Летом народ был занят в деревне. Никто мне не мешал в моих любимых занятиях, и если стеснял кто немного, так это бабы какие-то уже очень сердобольные, которые говорили:
— Не ходи ты, Митрич, далеко по лесу: долго ли нарваться на медведя!
И только этот медведь, зверь еще мною невиданный, немного смущал меня, когда я забирался далеко в чащу, и мысль о нем подчас бросала меня то в жар, то в холод.
Но скоро я нашел себе товарища, парня одних лет со мною, который — жаловались на него — „совсем отбился от семьи и домашних работ, как только спознался с ружьишком“.
Этот парень в вечной своей посконной рубахе с дорожками и в какой-то сермяге с оборванными рукавами и желтым поясом часто запросто заходил ко мне как к товарищу, то идя на охоту, то с охоты.
Он так же, как и я, не ходил попусту, и когда возвращался с своего промысла (он часто утягивался на охоту на самой заре, а я любил-таки понежиться в постели), то у него вечно за пазухою был или чирок, или нырок какой с косичкой нарядной, или селезень, или свиязь. И мы подолгу разглядывали этих красивых нарядных птиц утиной породы, на деле изучая орнитологию (науку о птицах). А сколько рассказов при этом об охоте! Передо мной раскрывалась целая книга природы.
Добавлю, что звали этого моего нового деревенского друга Христофором, и что он был высок ростом и собою приглядный.
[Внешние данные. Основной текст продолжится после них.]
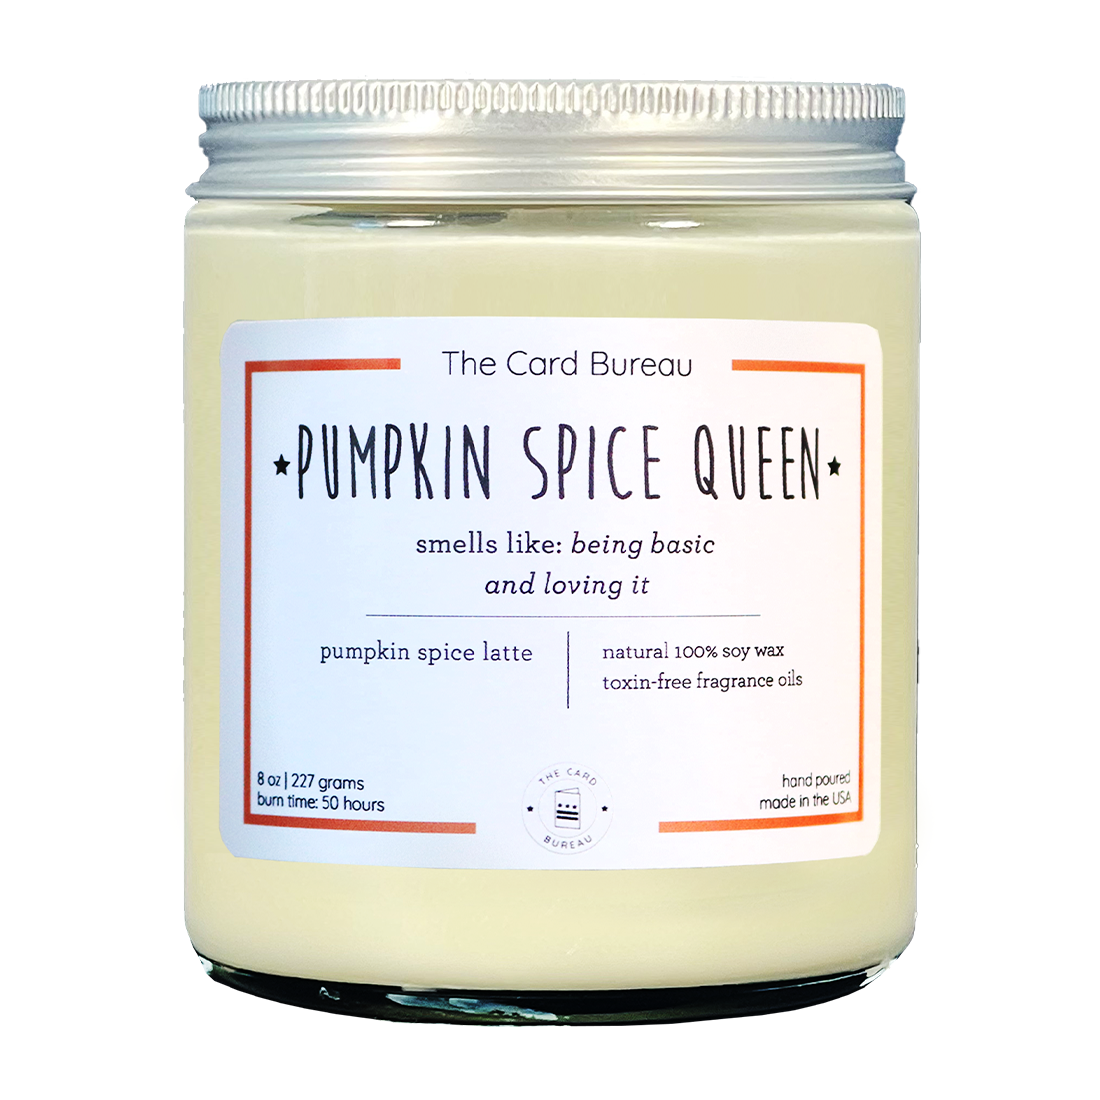 8 oz Pumpkin Spice Queen Candle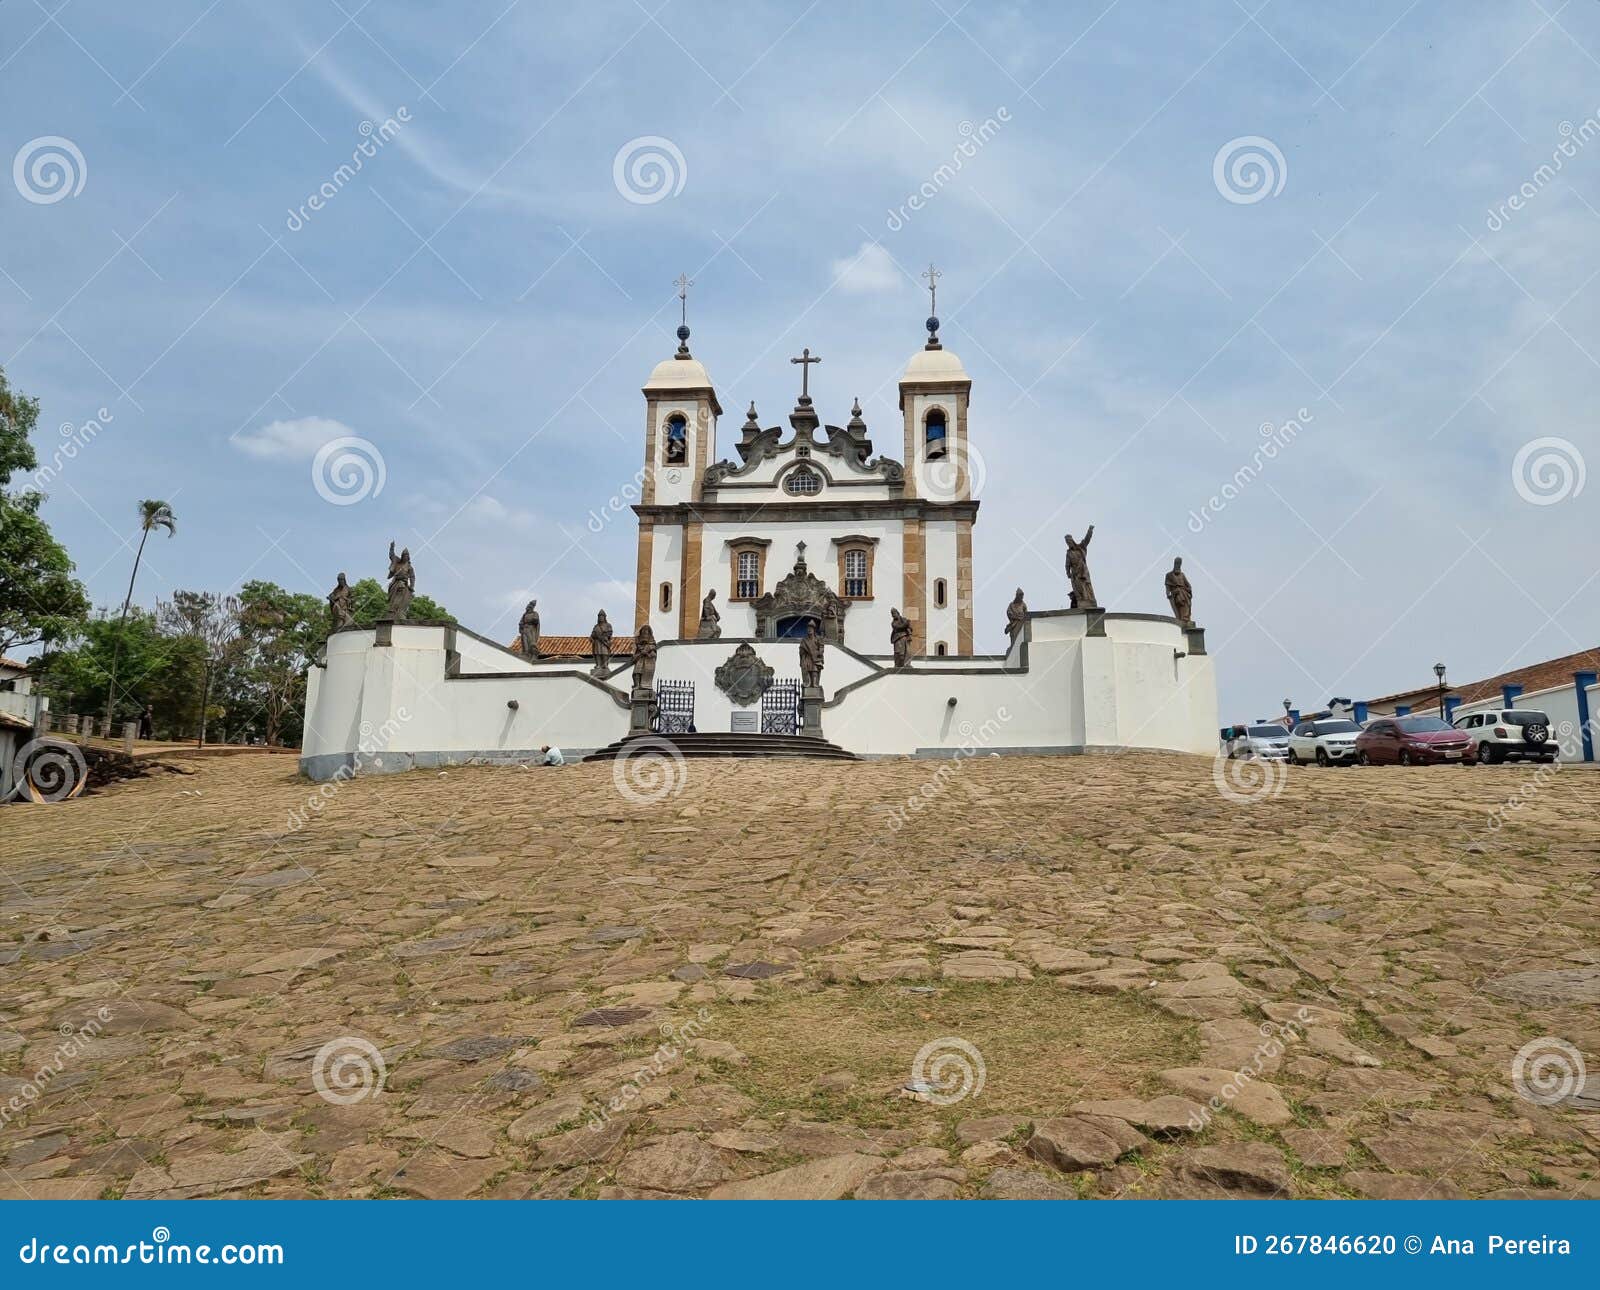 sanctuary of senhor bom jesus de matosinhos - world heritage

Так жил я уже месяц-другой в этой лесной деревне, как случилось нечто в ней неожиданное: медведь задрал корову.
И когда весть об этом облетела деревушку, то все бросились к месту происшествия. Побежали и мы с Христофором, потому что не отставать же нам, ярым охотникам, от девок, ребят и народа.
Место было не за горами, всего в какой-нибудь версте расстояния, — и мы живо поспешили на опушку бора.
Действительно, пестрая соседская корова оказалась задранною, и вымя у ней выедено. Хозяйка причитывала над ней; хозяин посматривал, нельзя ли хоть воспользоваться ее драною шкурою, а ребята смотрели издали, не решаясь подойти поближе.
— Чего вы боитесь, желторотые! — крикнул на них Христофор, пользуясь случаем показать себя заправским охотником. — Ведь это не медведь, а корова.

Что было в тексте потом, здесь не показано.